In Sharjah, one of the United Arab Emirates, an Indian theater group who in 1992 performed a play entitled
Corpse-Eating Ants,
which was held to be blasphemous, and who had been sentenced to six-year jail sentences for blasphemy, appeal against the sentence. Some members of the group are freed, but one has his sentence increased to ten years, and another has his six-year term upheld by the appeals court.

In Istanbul, one of the country’s most respected secularist journalists, Ugur Mumçu, is gunned down in the street. Turkish fundamentalists take credit for the attack, and the Turkish government says it has evidence linking the murderers to Iran. The interior minister, Ismet Sezgin, says that at least three killings have been carried out by a group called Islamic Movement, whose members have been trained in assassination techniques “at an official Iranian facility between Tehran and Qom.”

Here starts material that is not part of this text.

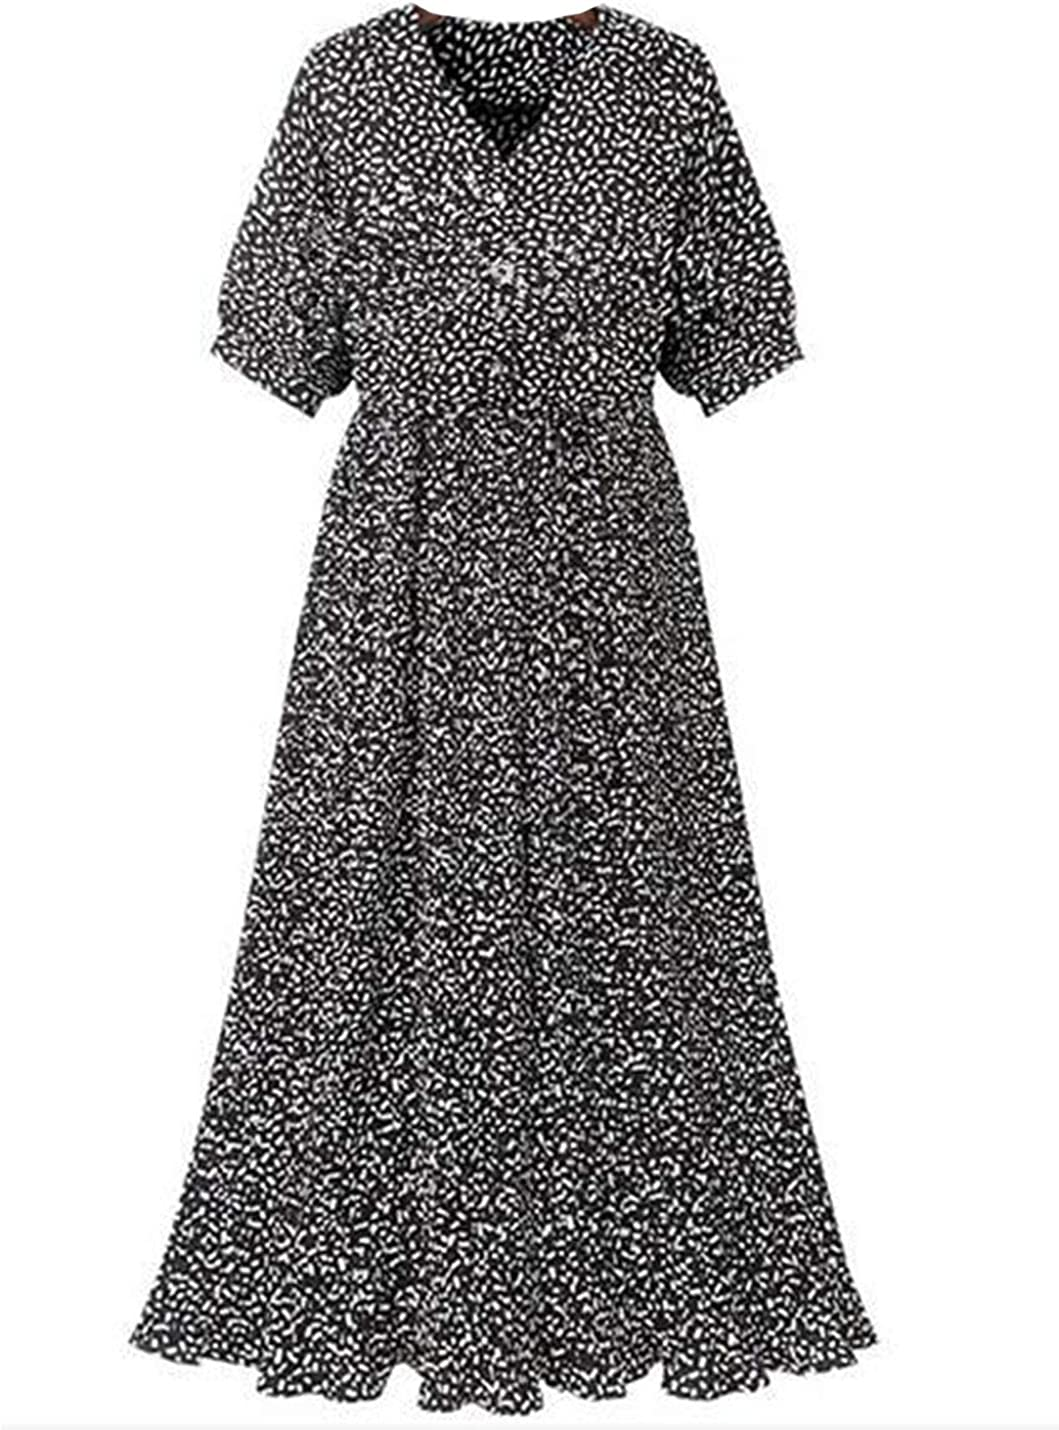 Uaneo Women's Slim Floral V Neck Drawstring Pleated Short Sleeve Midi Dress(Black-L)

In Egypt, the assassins who in 1992 murdered the distinguished secular thinker Farag Fouda are currently being tried; however, extremist bombings and killings continue.

In Algeria, the writer Tahar Djaout is one of six secularists murdered in a killing spree by what the security forces call “Muslim terrorists.”

In Saudi Arabia, a number of distinguished intellectuals forms the country’s first human-rights group. Within days, many of them are fired from their posts, including university professorships; many of them are arrested and jailed. Trials are pending.

In Egypt, Professor Nasr Abu-Zeid, who teaches literature at Cairo University, is charged with apostasy because of his criticisms of the Islamists. Fundamentalists ask the courts to dissolve his marriage, since it is illegal for a Muslim to be married to an apostate. The alternative would be for his wife to be stoned to death as an adulteress.